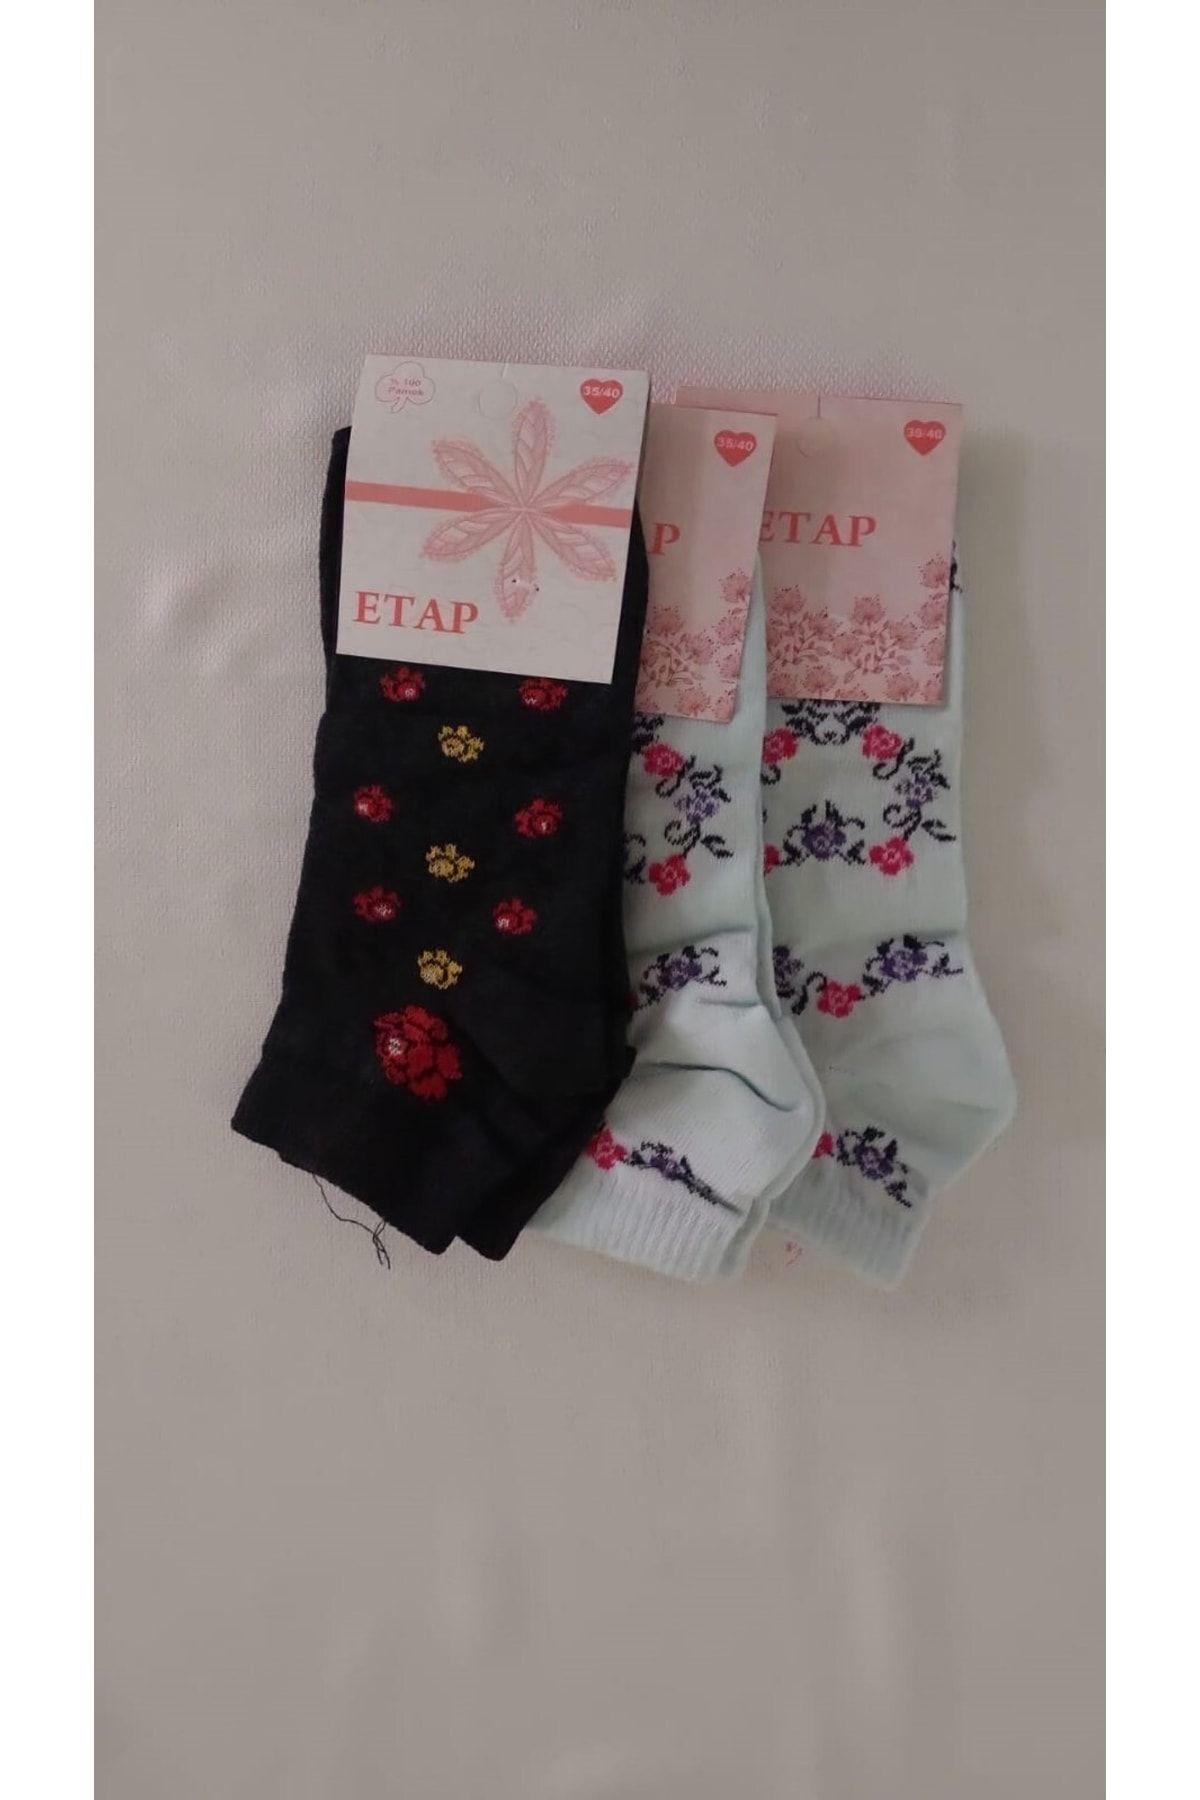 Etap Kadın Patik Çorap 35-40 12 Adet Karışık Renkler
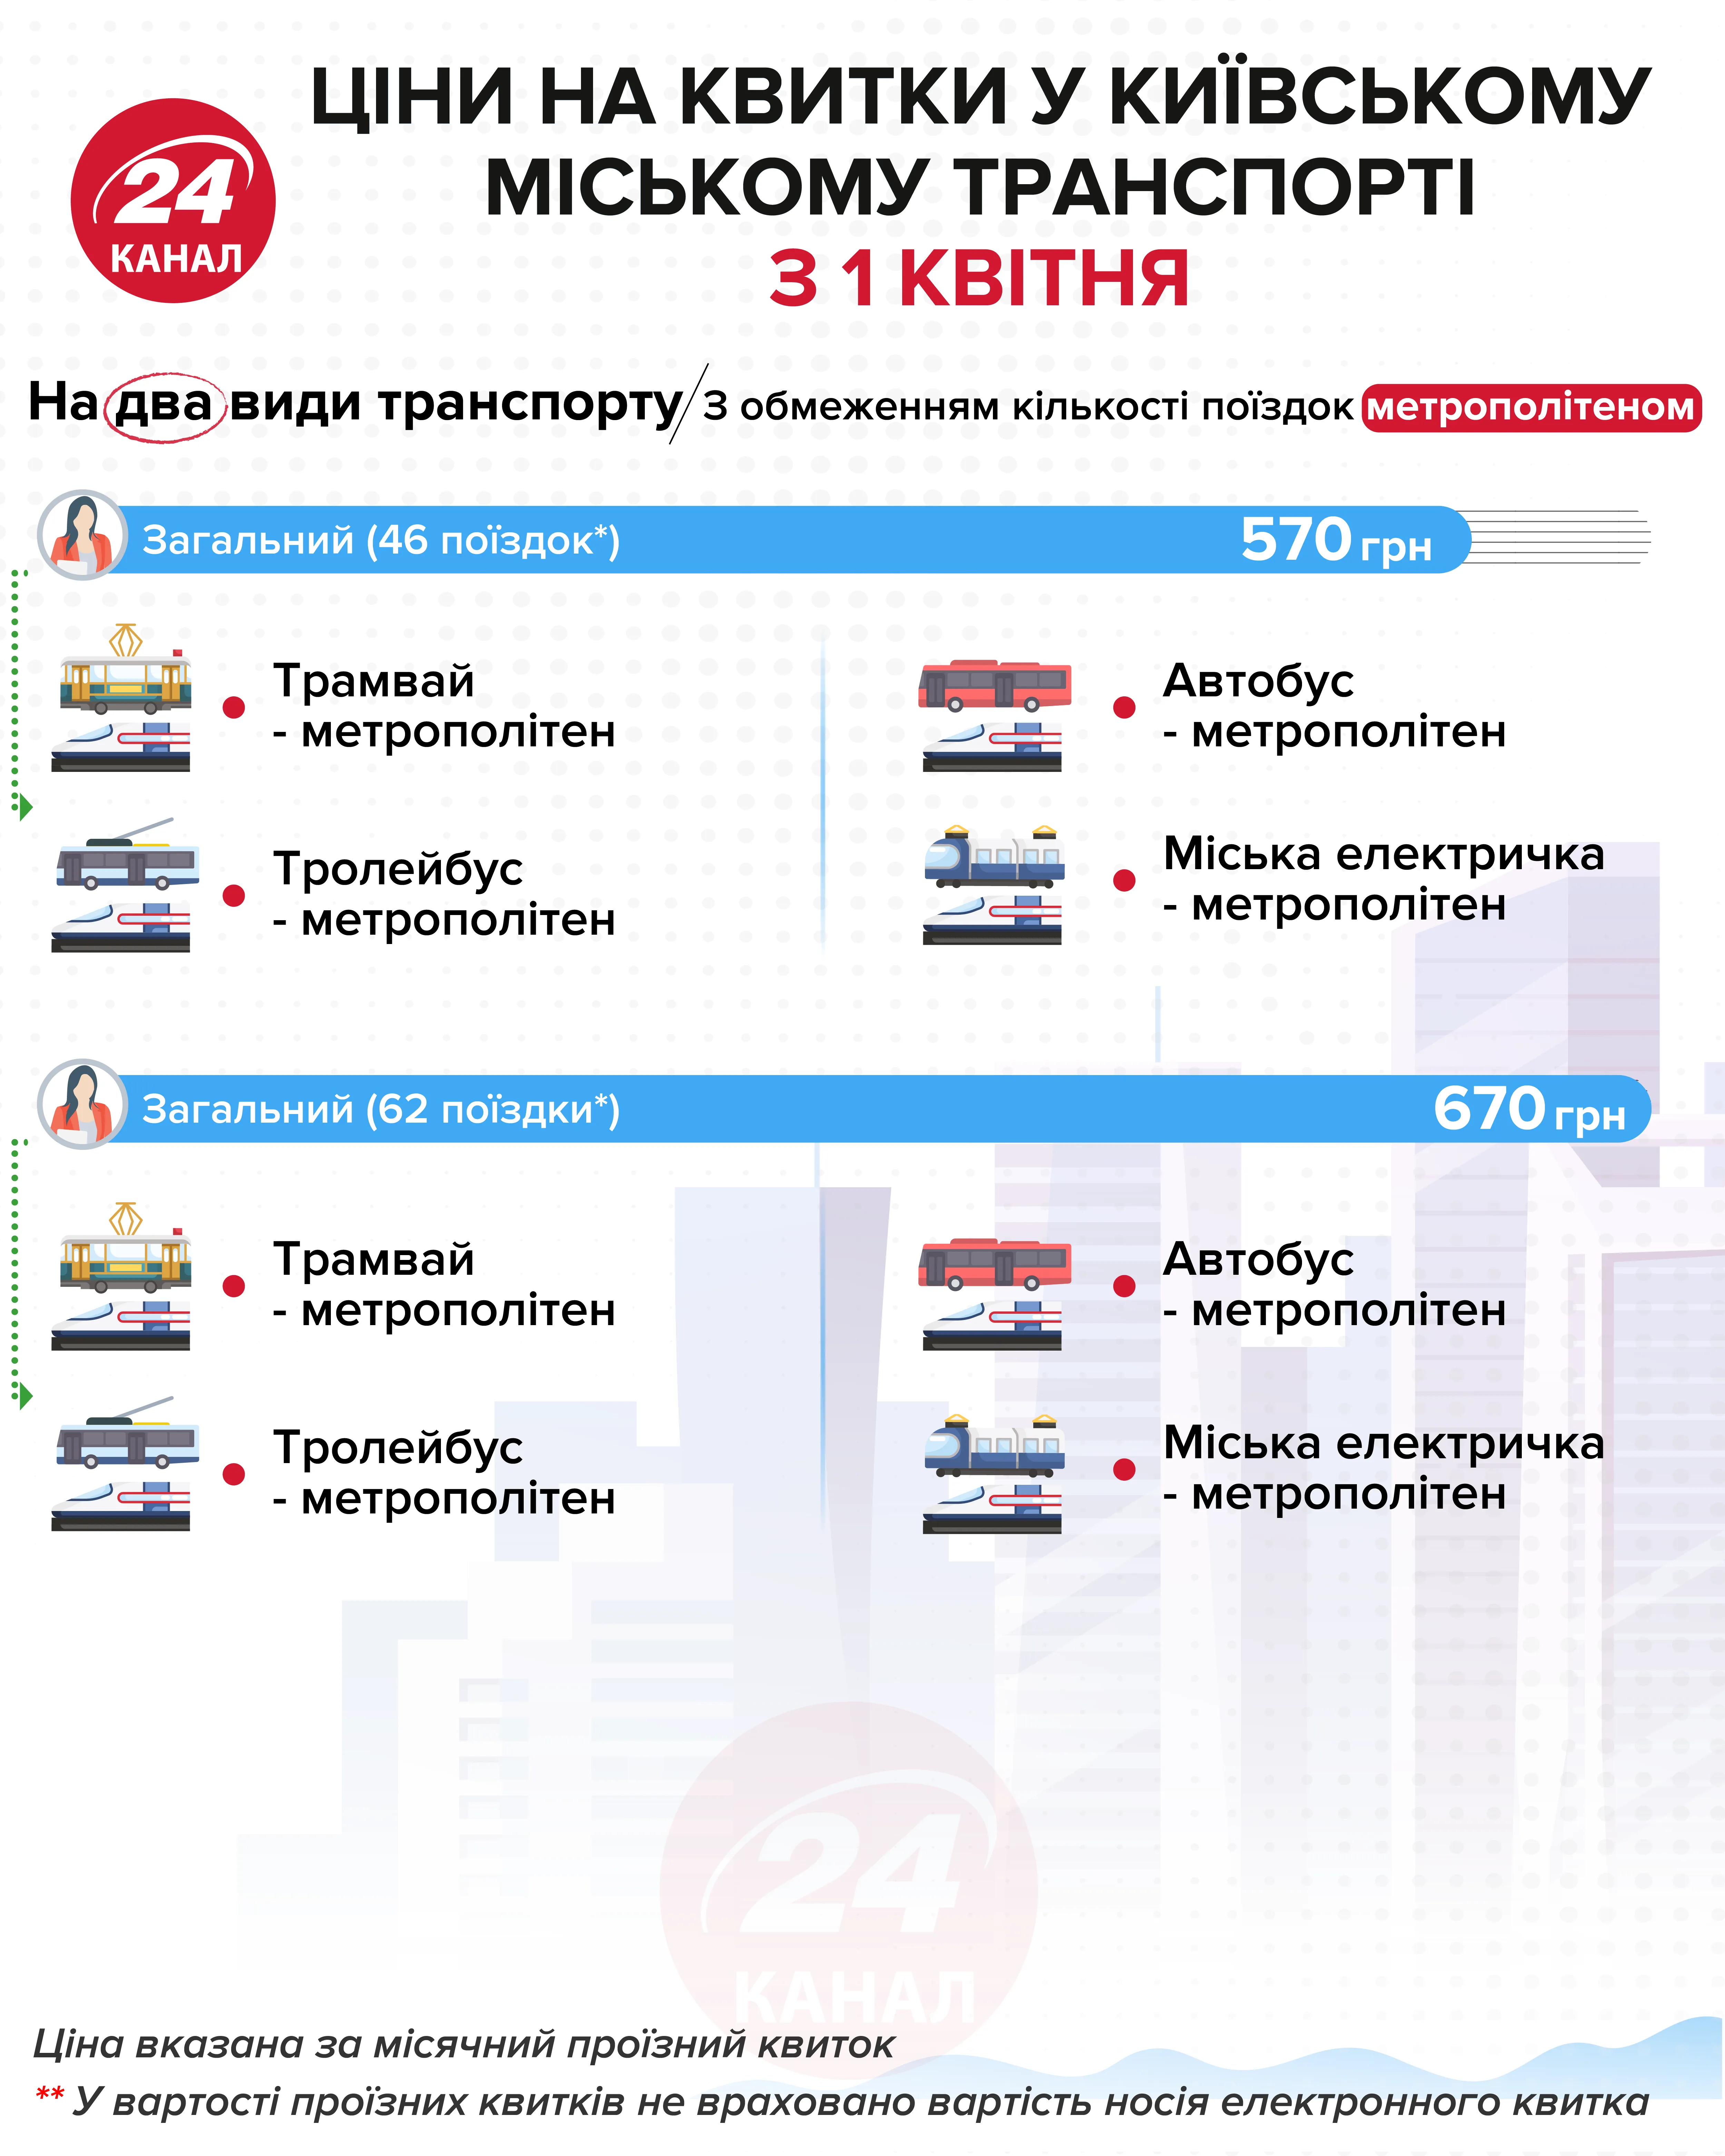 Стоимость проездного на два вида транспорта  Инфографика 24 канала
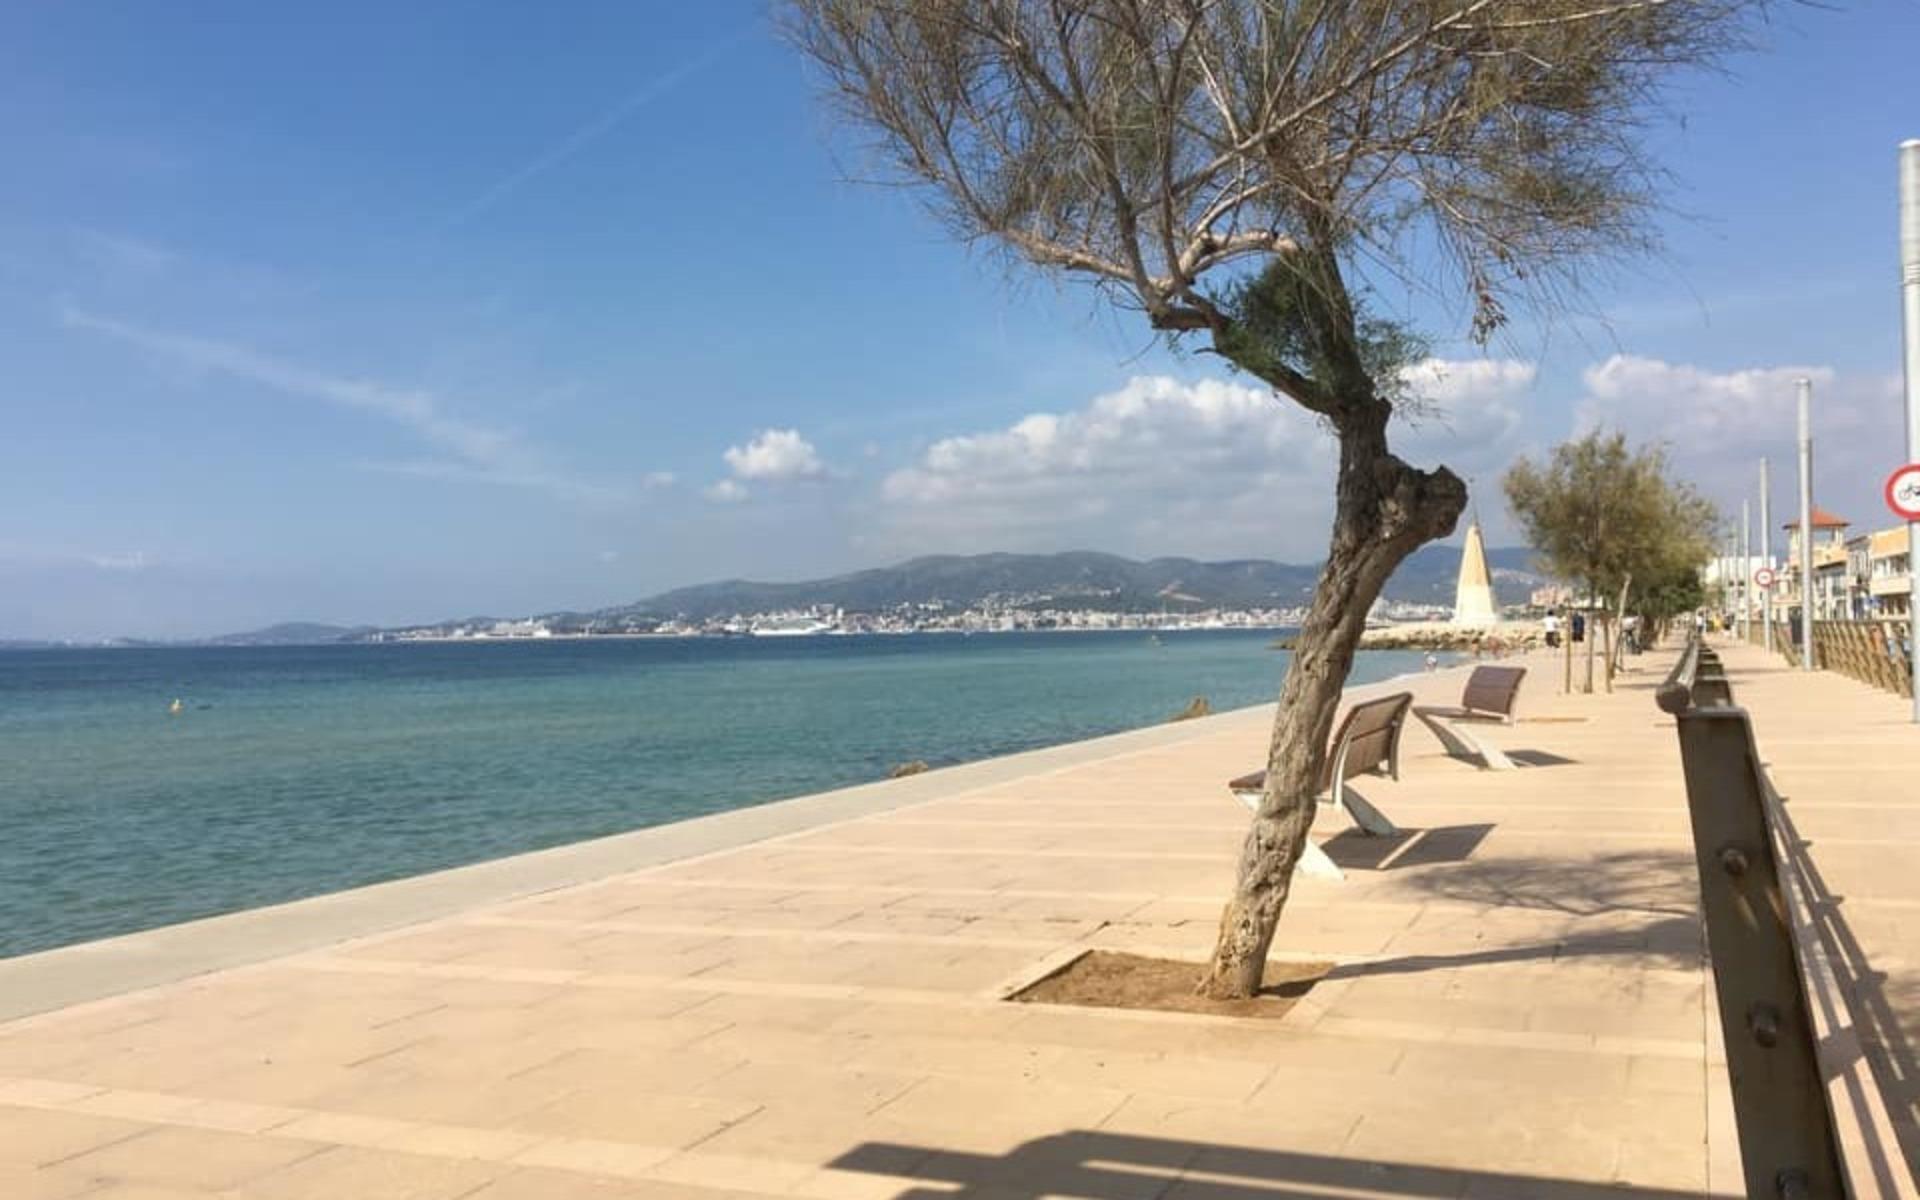 Birgitta Sekund har delat med sig av semestern på Mallorca: ”Palma på Mallorca. När livet är som bäst, det ska va’ gött å leva”, skriver hon.

▶ **Exercise goal**
Reproduce the whole listing verbatim. Pictures stay out of the copy.

▶ **Answer for the task**
 Etap Kadın Patik Çorap 35-40 12 Adet Karışık Renkler
 Стоимость проездного на два вида транспорта  Инфографика 24 канала
 Birgitta Sekund har delat med sig av semestern på Mallorca: ”Palma på Mallorca. När livet är som bäst, det ska va’ gött å leva”, skriver hon.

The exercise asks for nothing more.